Question

An object is released from rest at a height h. During the final second of its fall, it traverses a distance of 38m. Determine the value of h.

Answer 1

Gravity is 9.8 m/s² means means every second distance travelled
increases by the distance in the previous second plus an extra 9.8m
during last second it fell 38m
previous second dist = 38 - 9.8m = 28.2
previous second = 28.2 - 9.8m = 18.4m
distance left = 18.4 - 9.8m = 8.6m
(so actually less than a second as it only travelled 8.6m)
total distance h = 38 + 28.2 + 18.4 + 8.6 = 93.2m

hope this is what is required

Answer 2

During the final second of its fall, it falls a distance of 38m.

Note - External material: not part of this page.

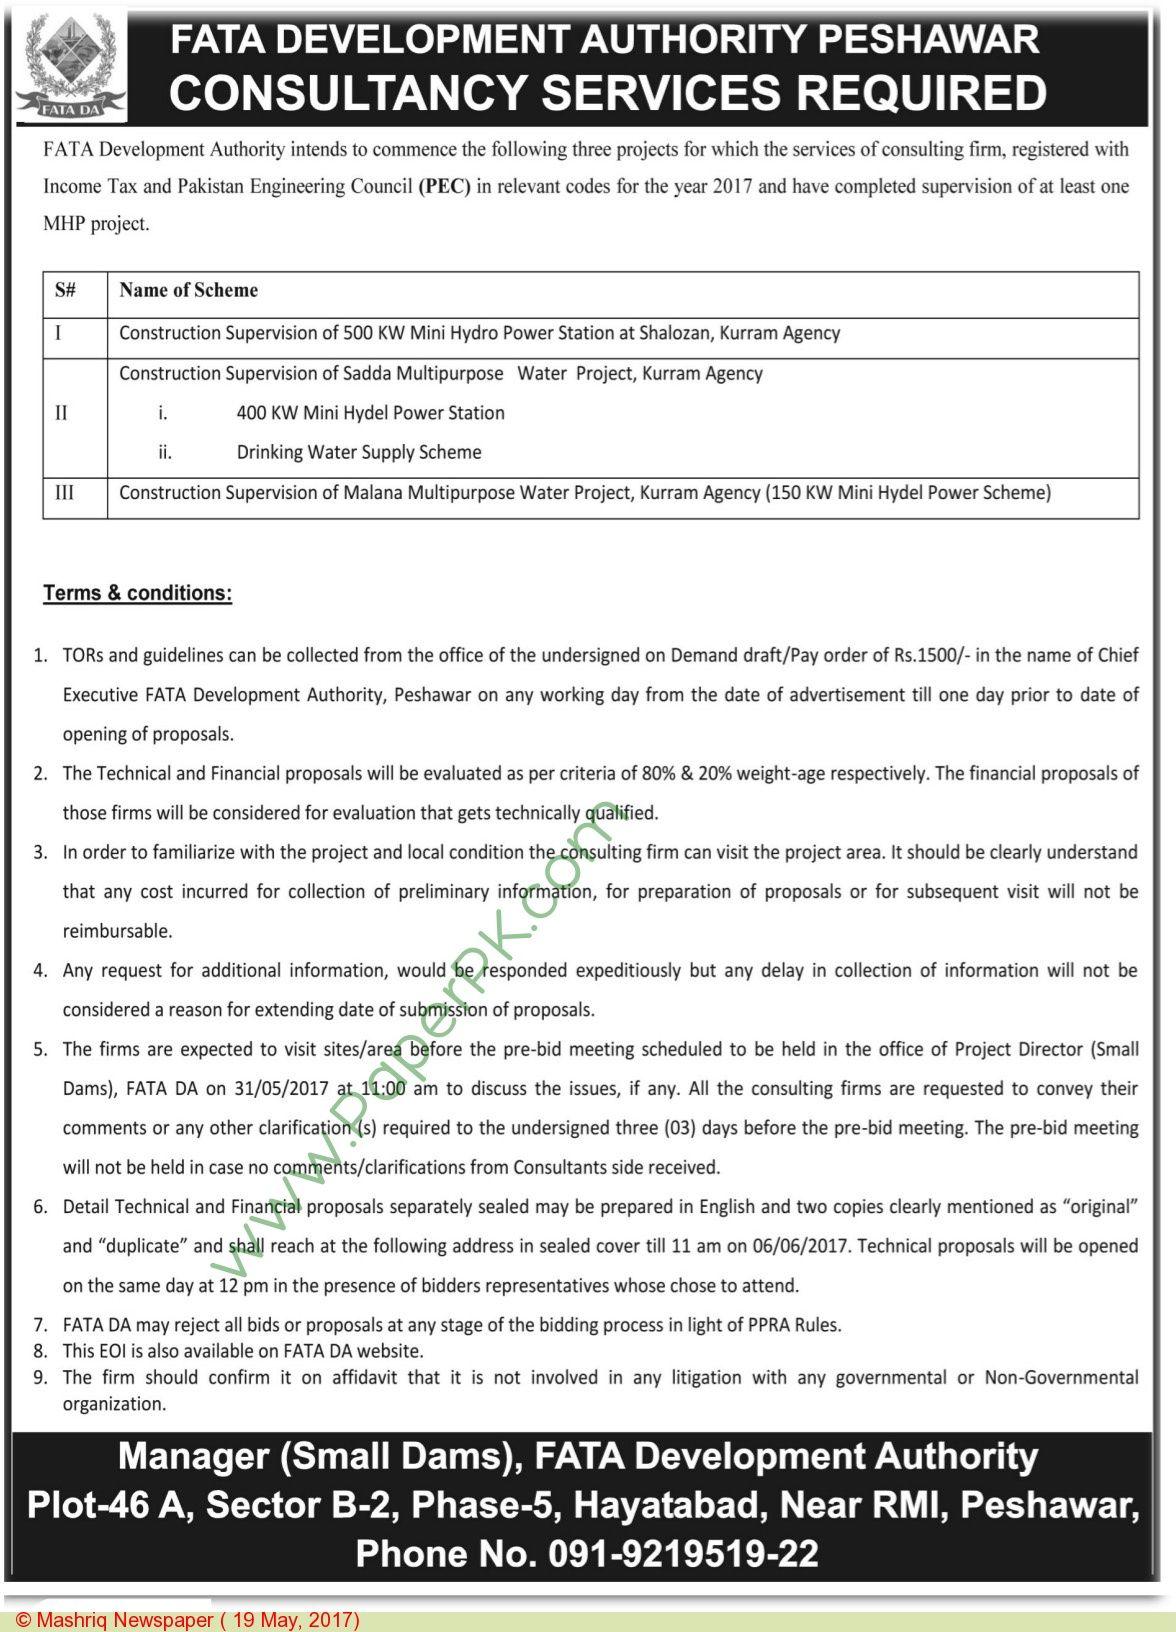 Fata Development Authority Peshawar Jobs  Jobs In Pakistan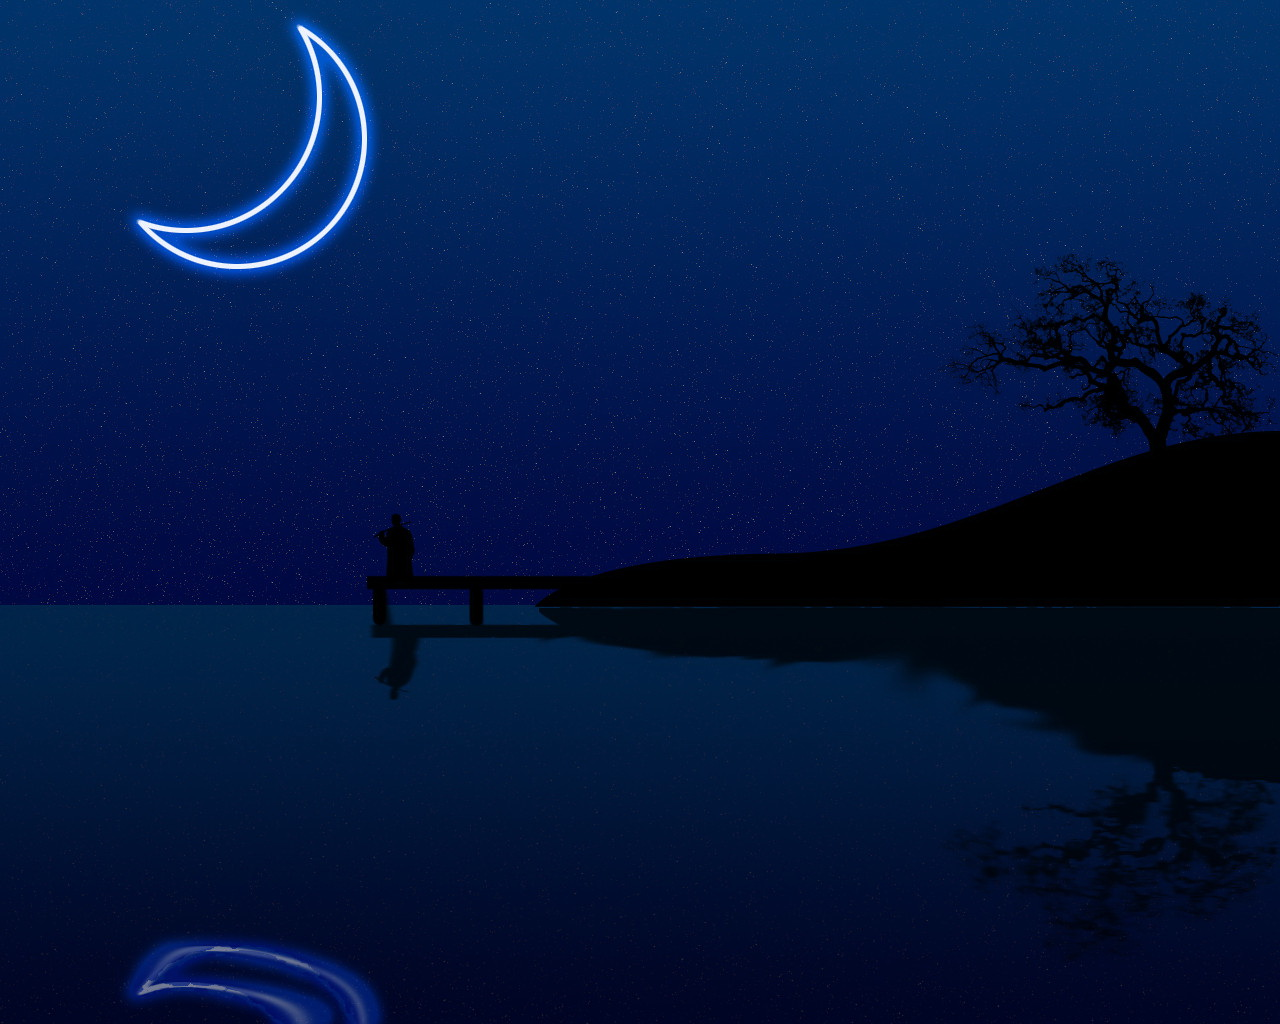 Wonderful Wallpaper Night Cartoon - night-moon  Collection.jpg

Its average speed during that final second was 38 m/s.

But we know that it gained 9.8 m/s of speed during that second.

Its speed at the end of that second must have been (38+4.9) = 42.9 m/s ,
and at the beginning of that second must have been (38-4.9) = 33.1 m/s .

Since its speed at the beginning of the final second was  33.1 m/s,
that final second began at  (33.1/9.8) = 3.378 seconds after the drop.

All together, when the final second is added onto that, the object
fell for a total of  4.378 seconds.

  Distance of fall from rest = (1/2) (g) (t)²

                                      = (4.9 m/s²) (4.378 s)²

                                      = (4.9 m/s²) (19.163 s²)

                                      =      93.9  meters  .